Four Bugs That Only Showed Up Under Load: Fixing a FastAPI Dashboard
Quick Take
- Four separate bugs surfaced only under load in a FastAPI dashboard
- Each failure cost 5-20 seconds of blocked I/O and CPU time
- All four fixes are in production now and cut API latency from 22 s to 1.4 s
The dashboard looked fast in the browser until ten users hit it at once. Then everything froze. Not because the code was wrong, but because it was written like synchronous shell scripts inside async endpoints.
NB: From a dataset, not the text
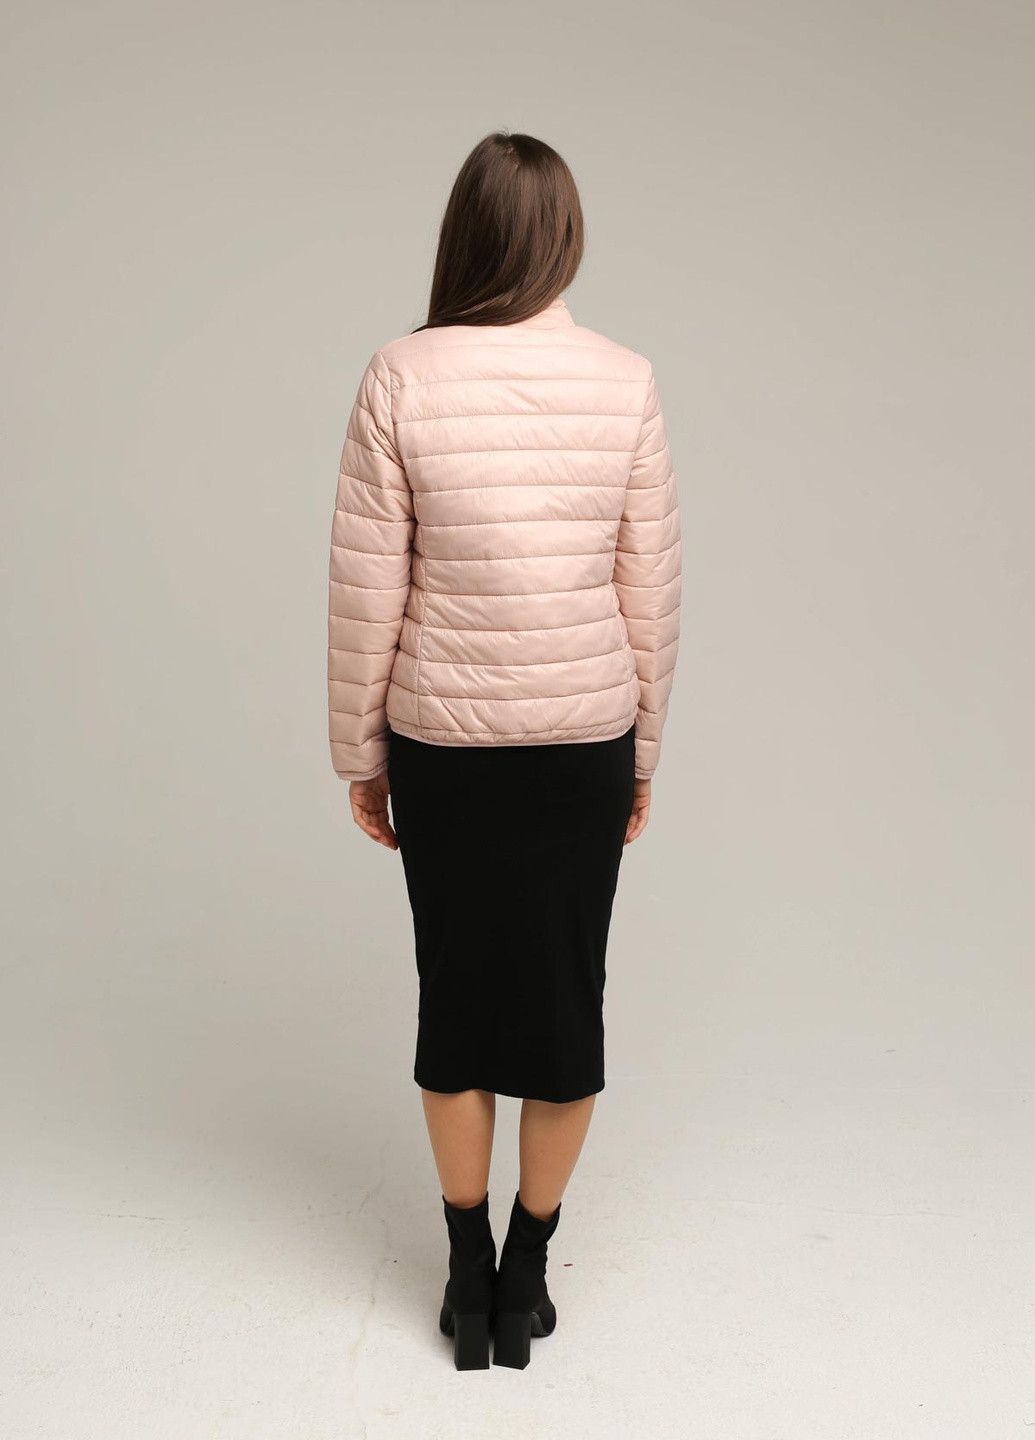 Розовая демисезонная куртка модель 7278 Ziai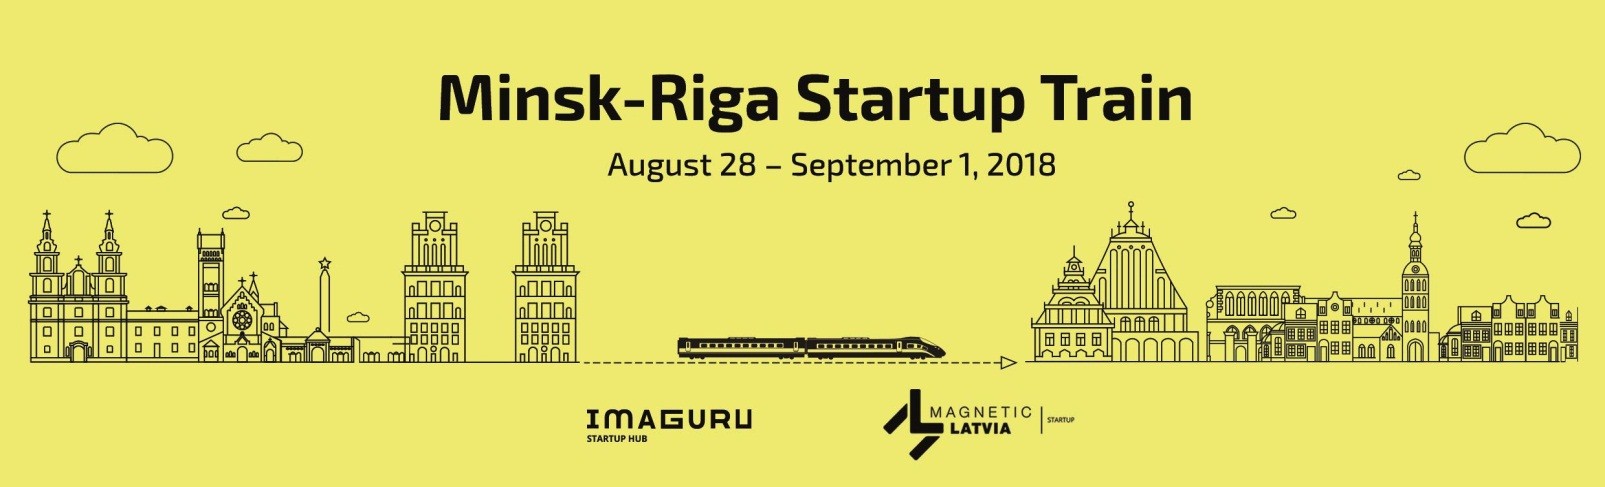 Minsk-Riga Startup Train

Four independent failures compounded into a single 22-second response time. Here’s exactly what broke, why it broke, and how to fix it.
Event-Loop Blocking in get_status()
The /api/status endpoint is async, but every status check runs synchronously with subprocess.run(). That blocks the uvicorn event loop for the entire duration of the slowest check. Last week this failed because a disk scan on a 66 GB model directory took 20 seconds, and no other request could be processed during that time.
subprocess.run() is synchronous by design. When you call it inside an async function, Python hands the work to the OS and waits. The asyncio event loop can’t schedule another coroutine until the shell command finishes. That means every /api/status call freezes the entire dashboard until the disk scan, Docker list, and NVIDIA query all complete in sequence.
@app.get("/api/status")
async def get_status(_: bool = Depends(verify_token)):
# These four commands block the event loop for 20+ seconds
gpu = subprocess.run(["nvidia-smi"], capture_output=True, text=True)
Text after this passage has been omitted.